INFORMATION SUPPLIED ->
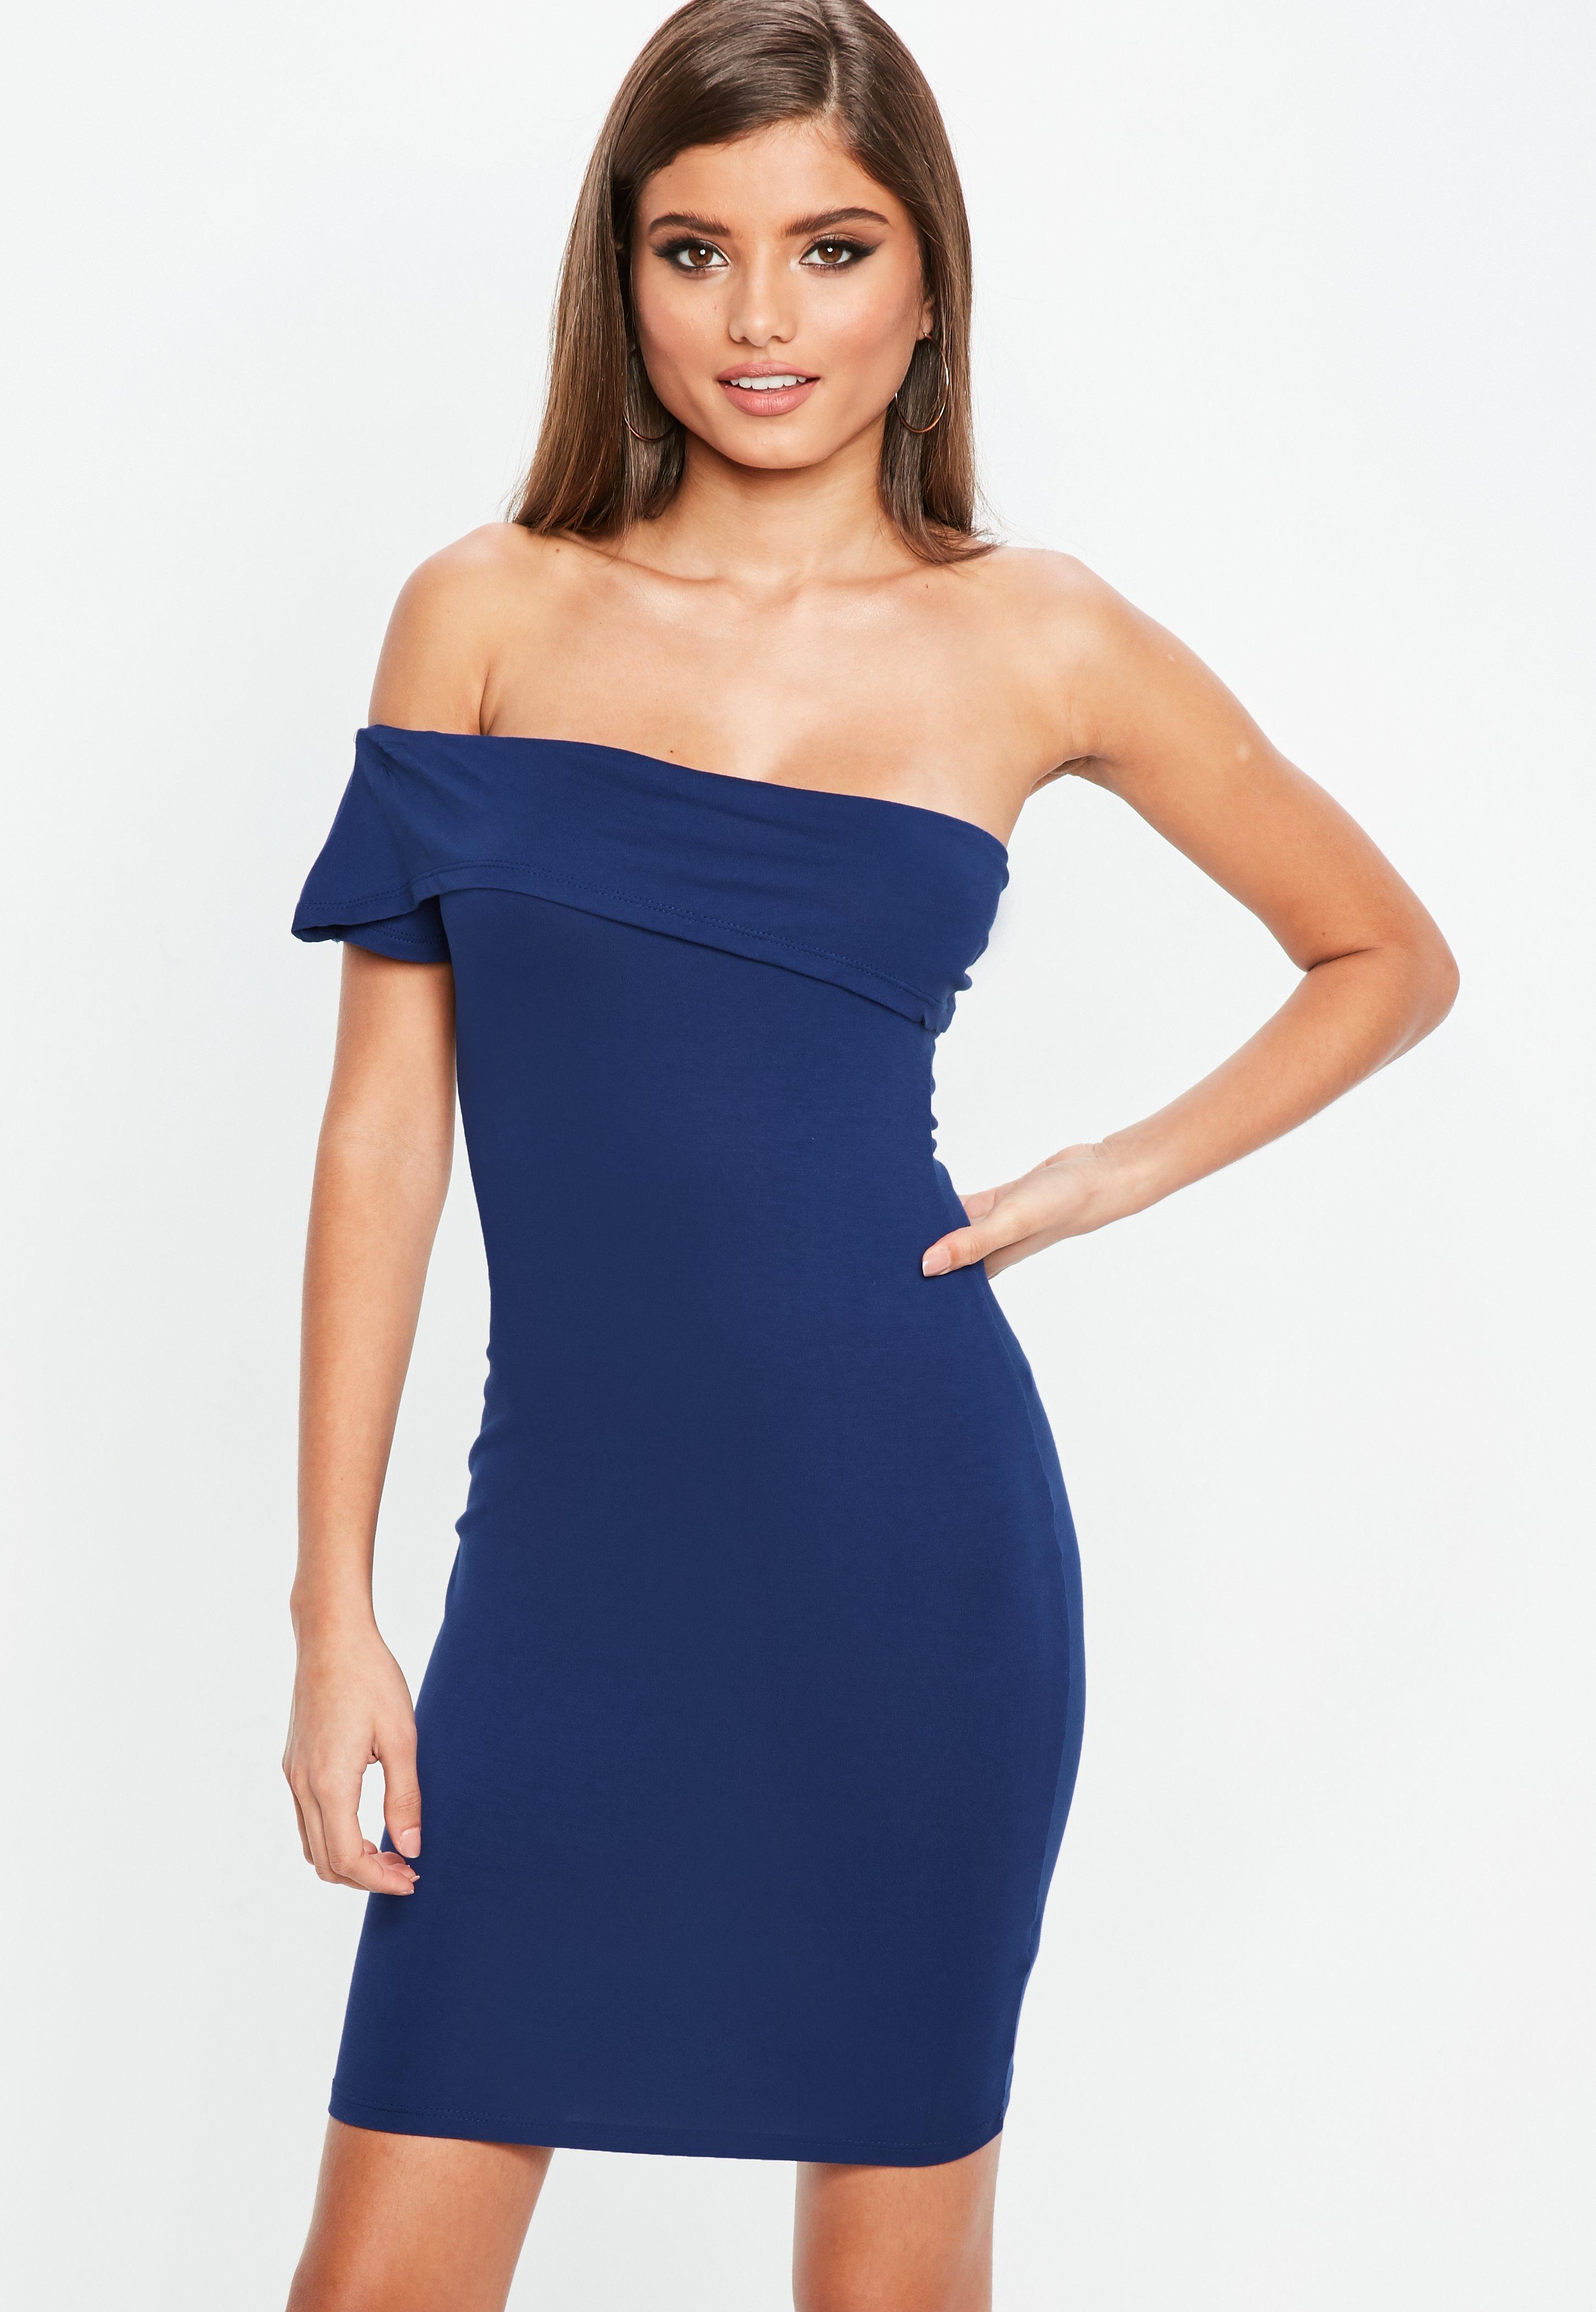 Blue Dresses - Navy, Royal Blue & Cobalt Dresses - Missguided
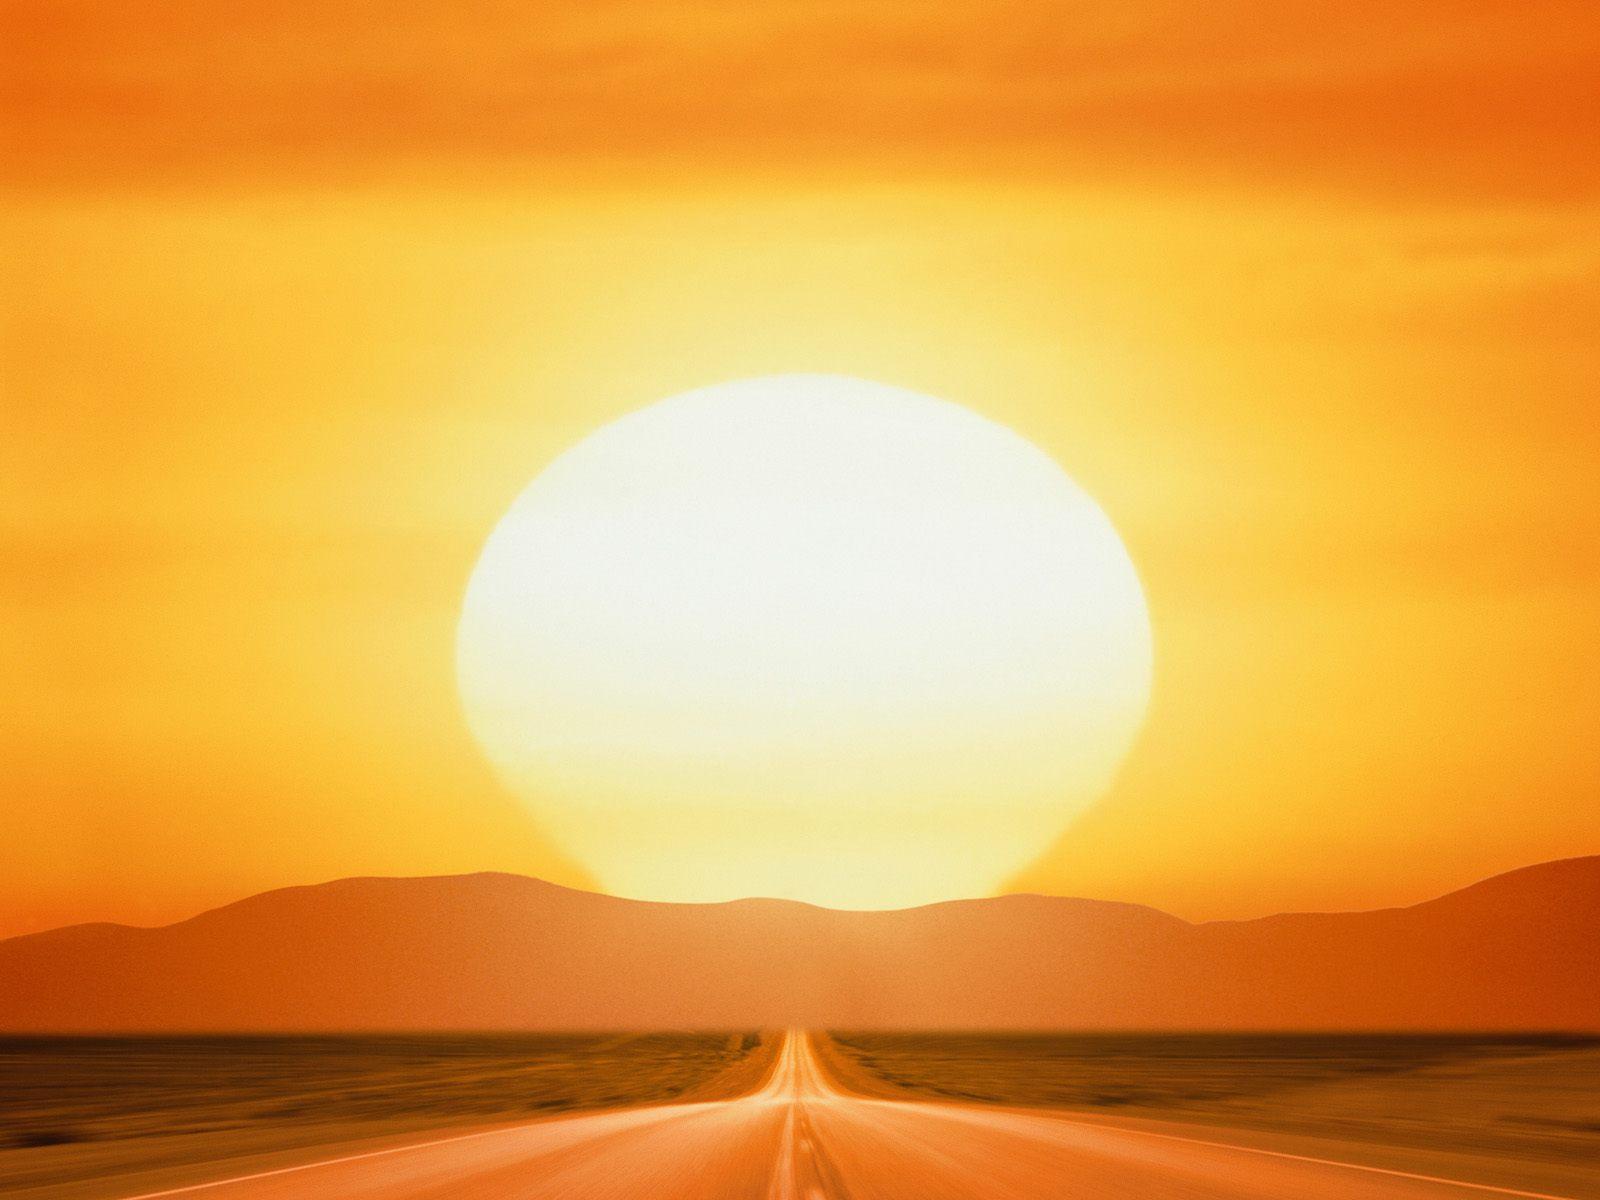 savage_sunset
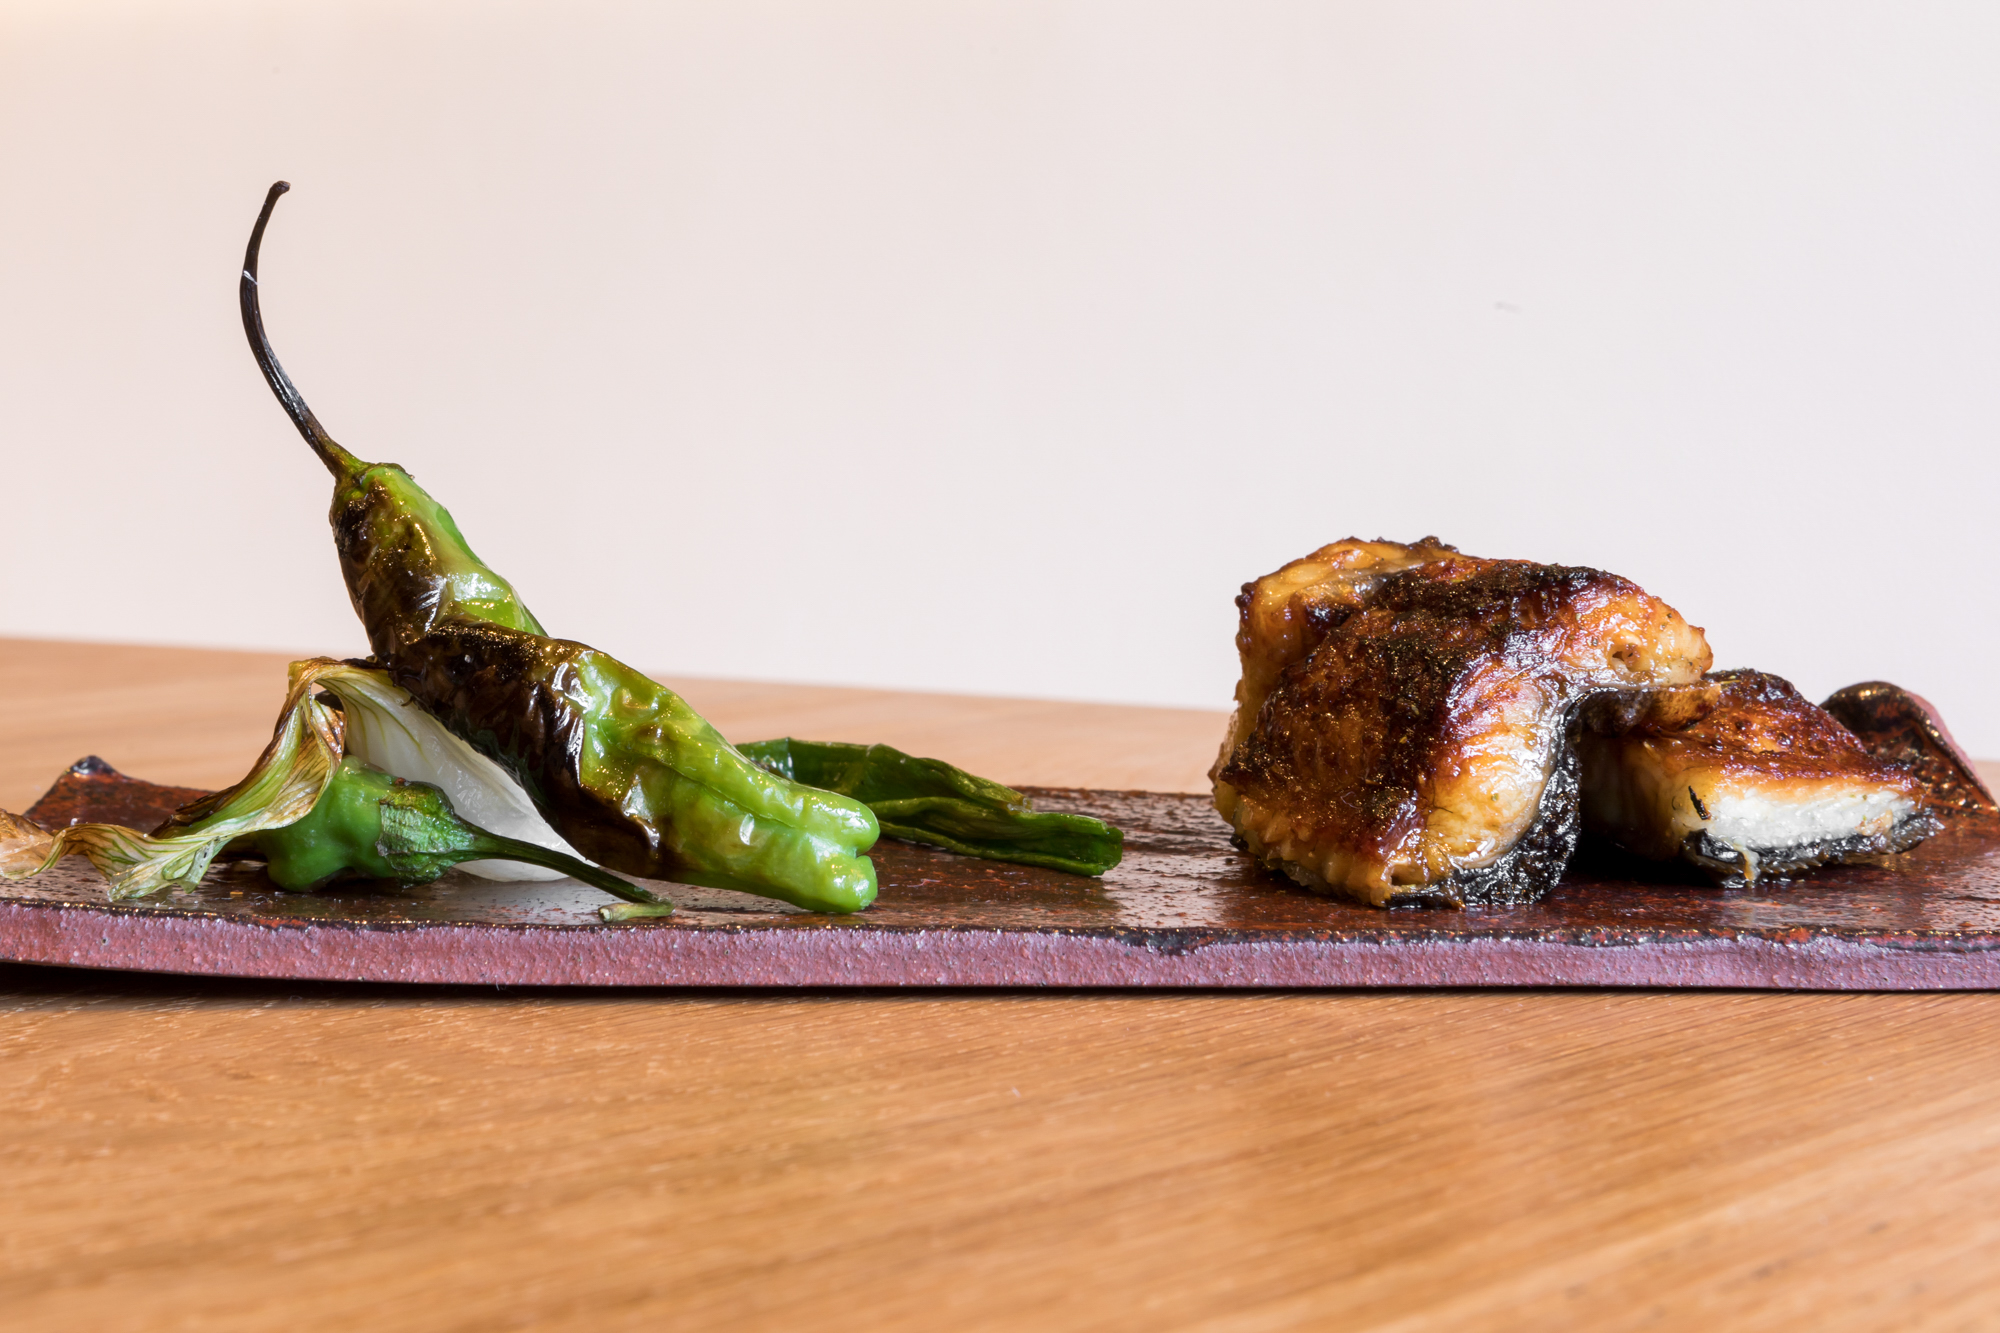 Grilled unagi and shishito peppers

EXERCISE DETAILS ->
Output nothing but an exact retyping of the material, pictures excluded.

RESULT OF THIS EXERCISE ->
 Blue Dresses - Navy, Royal Blue & Cobalt Dresses - Missguided
 savage_sunset
 Grilled unagi and shishito peppers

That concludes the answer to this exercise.